Carbonate thin sections were cut for contact angle experiments. The sections were then polished and cleaned using high-pressure nitrogen gas. Subsequently, the sections were embedded in toluene to remove fatty acids from hand contact for 1 day. The washed and dried sections were aged for 1 month in the tested gas condensate at 373 K to obtain oil-wetting. Each cross section was then treated in surfactant solutions at different concentrations and each at a specified temperature. All three parameters of surfactant concentration, temperature and treatment time were evaluated in these experiments. For this purpose, surfactant concentrations of 500, 1500, 2500, 3500, 4500, 5500 and 6500 ppm and test temperatures of 313, 343 and 373 K and treatment times of 30, 60, 120 and 240 min were considered. With this interpretation, 84 contact angle tests were performed. The IFT400 device was also used for contact angle tests. The cross section is located at the bottom of the cell in hydrocarbon gas ambient and the needle releases a drop of liquid from above. The device software is able to draw tangent lines on both sides of the drop with placing a user-defined baseline and marking the boundary between the rock surface and the drop and display the size of the contact angles on both sides of the drop and average angle.
2.2.4 Foamability
For foamability experiments, nitrogen foam was prepared by blowing nitrogen in a surfactant solution at CMC and at 373 K in a Ross–Miles foam generator with an adjustable foam chamber temperature. Figure 4 shows a schematic of the foam preparation system. The device consists of a glass column graded as a foam chamber with a 2 cm diameter and a 100 cm hight and the bottom of which is a reticulated metal for better flow of gas and connected to the nitrogen source and above the foam outlet valve. A flow-meter controls the flow of nitrogen from the source to the foam chamber. The temperature of the foam chamber is supplied by a water bath with the flow of hot water into the shell of the foam chamber which acts as a heat exchanger. To prepare nitrogen foam, 40 cm3 of the surfactant solution at CMC was poured into the foam chamber and the nitrogen gas was blown at a flow rate of 25 cm3/s. Nitrogen foam properties including foam height and stability were investigated.

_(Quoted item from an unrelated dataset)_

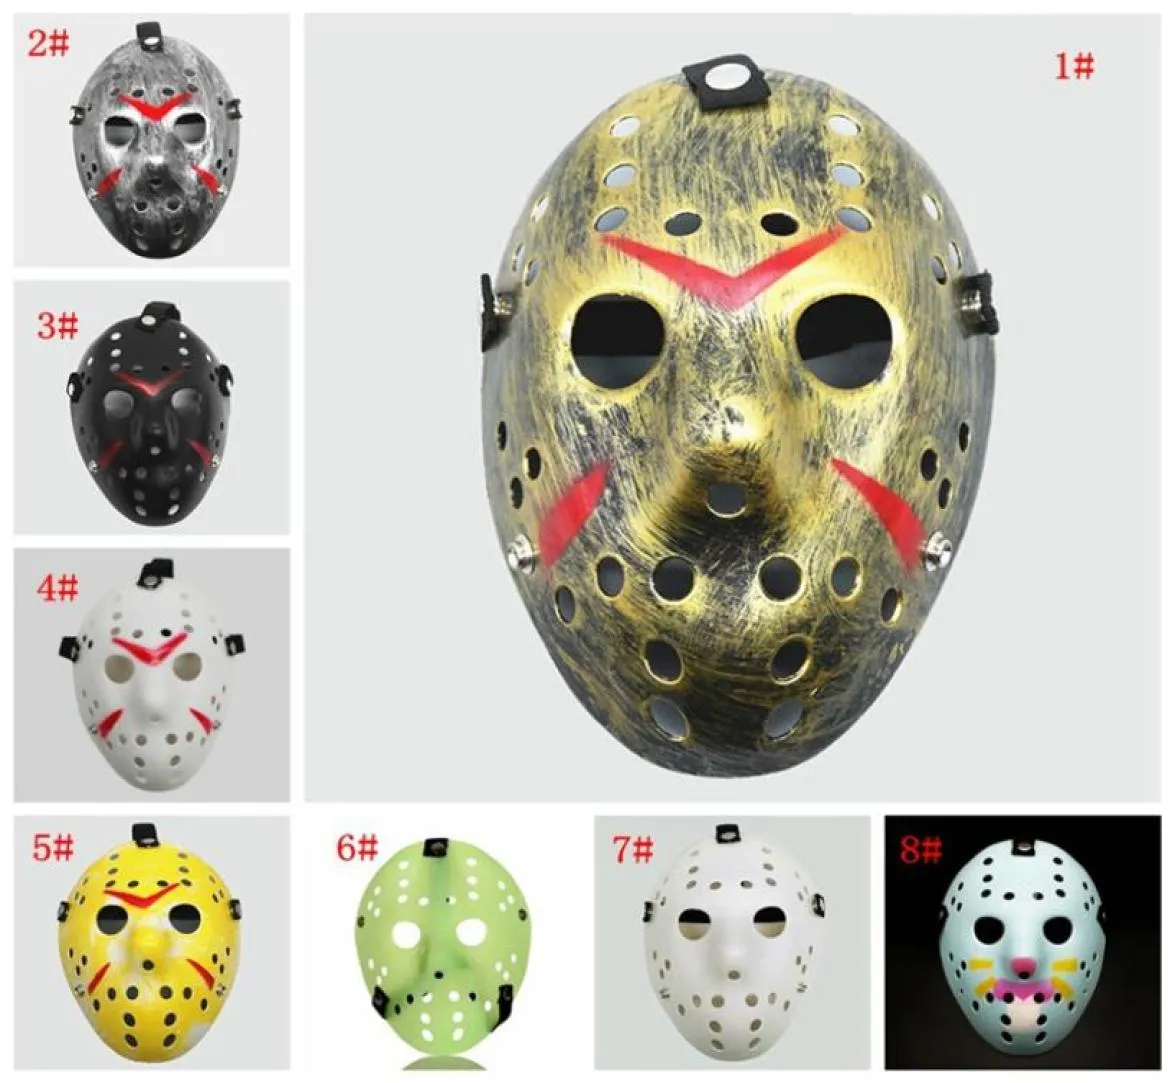 Masquerade Masks Jason Voorhees Mask Friday the 13th Horror Movie Hockey Mask Scary Halloween Costume Cosplay Plastic Party Masks 5390327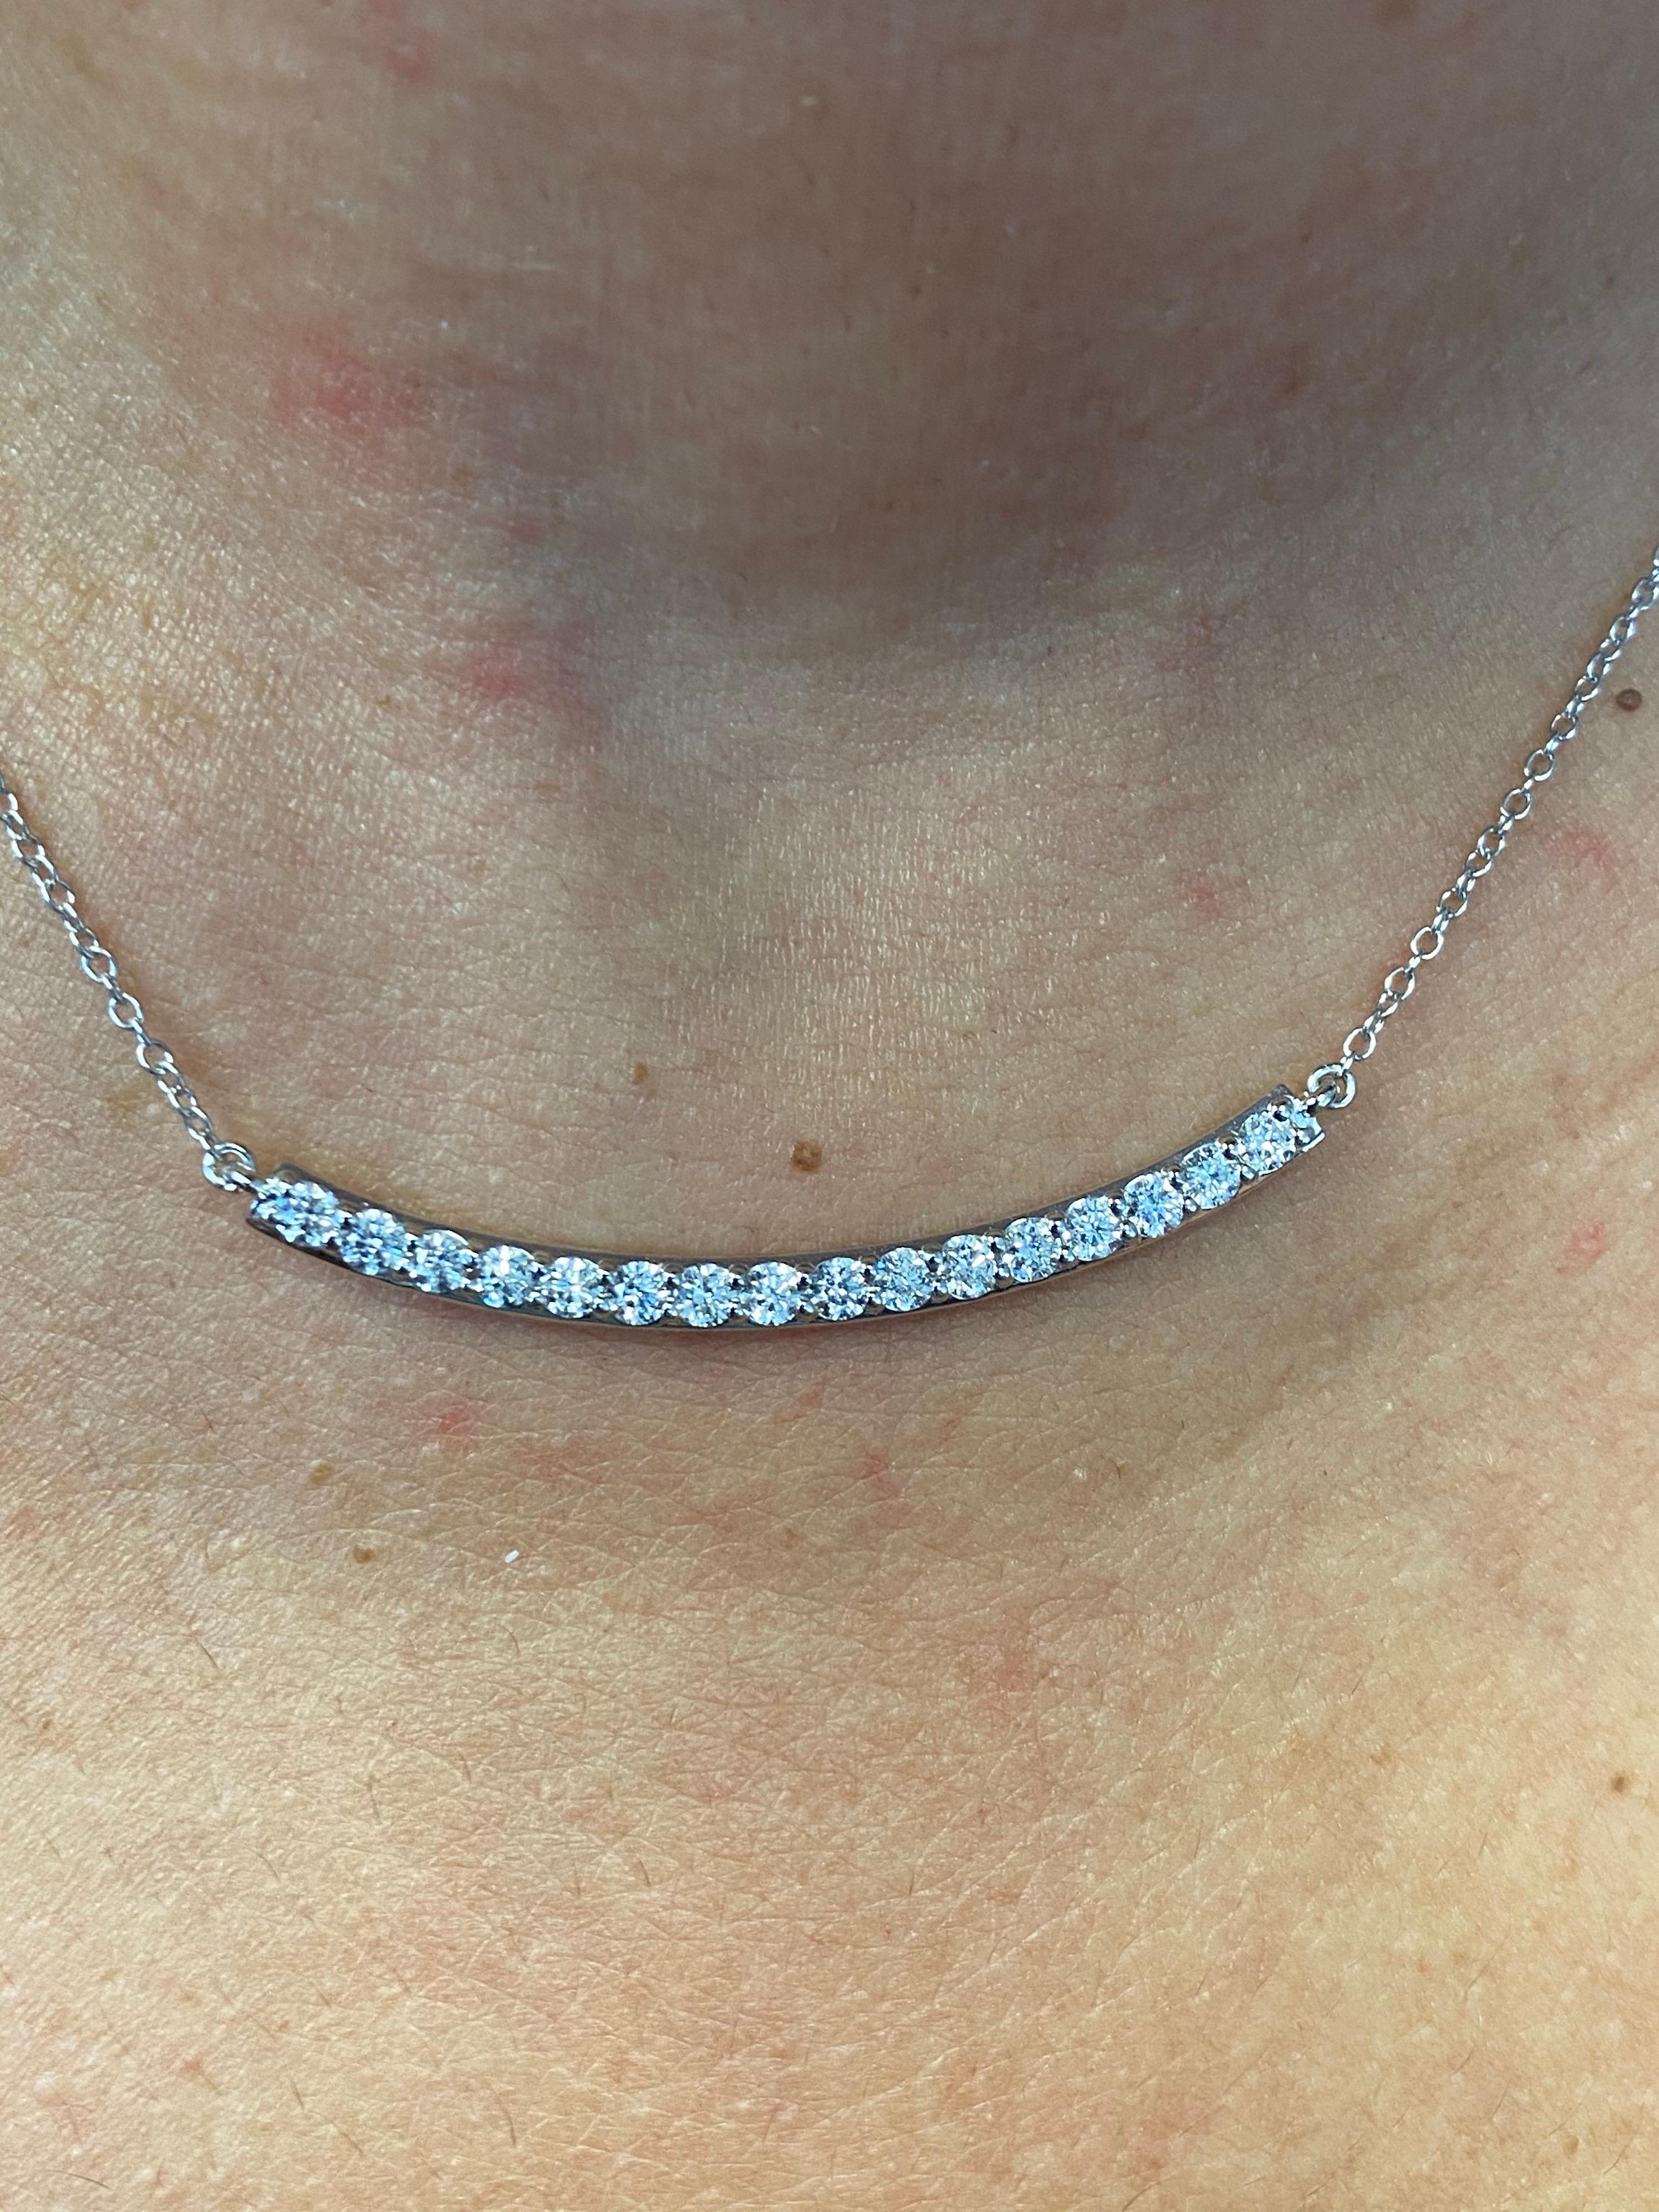 Diamond bar pendant set in 14K white gold. The pendant is set with 16 stones each weighing 0.07 carats. The total diamond weight is 1.12 carats. The stones are G-H, SI clarity. The total length is 16 inches.

2.2.5 Surfactant adsorption in carbonate porous media
First, the conductivity of surfactant solutions at different concentrations was measured with a Jenway, UK, model 3540 apparatus. The amount of surfactant adsorption in porous media was measured by flooding into carbonate plugs with the specifications in Table 3, where each plug was subjected to the temperature. The plugs were dried for 1 day after washing at 333 K. The surfactant solutions at CMC were then injected into the plugs. Surfactant injection at 0.5 mL/min was performed at 313, 343 and 373 K. Surfactant concentration in the outlet fluid was read from its surfactant conductivity/concentration diagram. The decrease in surfactant concentration in the output fluid per injection PV (pore volume) was considered as the amount of adsorption. The core flooding device in accordance with the schematic in Fig. 5 was used. The hydraulic fluid is pumped automatically by a pump to the back of the pistons in three cylinders each containing a special fluid. The selective fluid inside the cylinder is inserted into the plug holder and injected into the plug at the rate or pressure selected by the user. The plug-holder itself consists of two fluid flow distributors closed at inlet and outlet and special rubber to block around the plug that is squeezed around the plug by a hydraulic oil that is manually pumped and prevents the flow around the plug.
2.2.6 Imbibition tests
Gas–liquid imbibition tests in carbonate plugs were performed to show the gas-wetting properties of the plug treated by the chemical solution. The plug connects to a force gauge and floats in the gas condensate. Then, the weight changes caused by the gas condensate imbibition are recorded. At this stage, the carbonate plug was saturated from the gas condensate and aged for a month in the gas condensate at 373 K to obtain oil-wetting. Then, the desired plug was treated in the selected chemical solution from the previous stage and the imbibition test was performed. The optimum fluid of choice was fluid in terms of surfactant concentration and duration of treatment based on contact angle tests. However, the chemical treatment temperature was considered to be the highest test temperature of 373 K. The schematic of the liquid–gas imbibition device is shown in Fig. 6. The basis of this system is to float a gas-saturated plug in a liquid container. The plug is connected to the hook of a force gauge with rope, which is held by an adjustable stand, and the force gauge indicates the weight of the floating plug with an uncertainty of ± 0.001 kgf, instantaneously. It is necessary to achieve a completely stagnant state and balance of floating plug during the experiment.
3 Results and discussion
3.1 FTIR and TGA analyses results
Figure 7 shows the FTIR spectrum of the synthesized surfactant. Peak (a) at 746.30 cm−1 shows the flexural vibration stretching of C–F. Peaks (c) at 1015.83 cm−1 and (d) at 1056.41 cm−1 are stretching peaks of S–O. Peaks (b) at 983.70 cm−1, (e) at 1202.61 cm−1, (f) at 1193.19 cm−1 and (g) at 1251.08 cm−1 represent the stretching of C–F bonds. Peak (h) at 1512.07 cm−1 represents the stretching bond C=C in the benzene ring. Peak (i) at 1602.39 cm−1 is related to the stretching of the C=C bond in perfluorononene. Figure 8 shows the TGA curve of the surfactant. F-surfactants normally have high-temperature stability. As shown in Fig. 8, the total weight loss at 300 °C reaches only 28% of the initial weight. A temperature peak starts at 25 °C and continues up to about 150 °C, with the weight loss of this temperature peak reaching about 8%. Weight loss at this stage is justified by the evaporation of the sample moisture. According to these interpretations, the surfactant is suitable for use at temperatures of gas condensate reservoirs in terms of temperature stability.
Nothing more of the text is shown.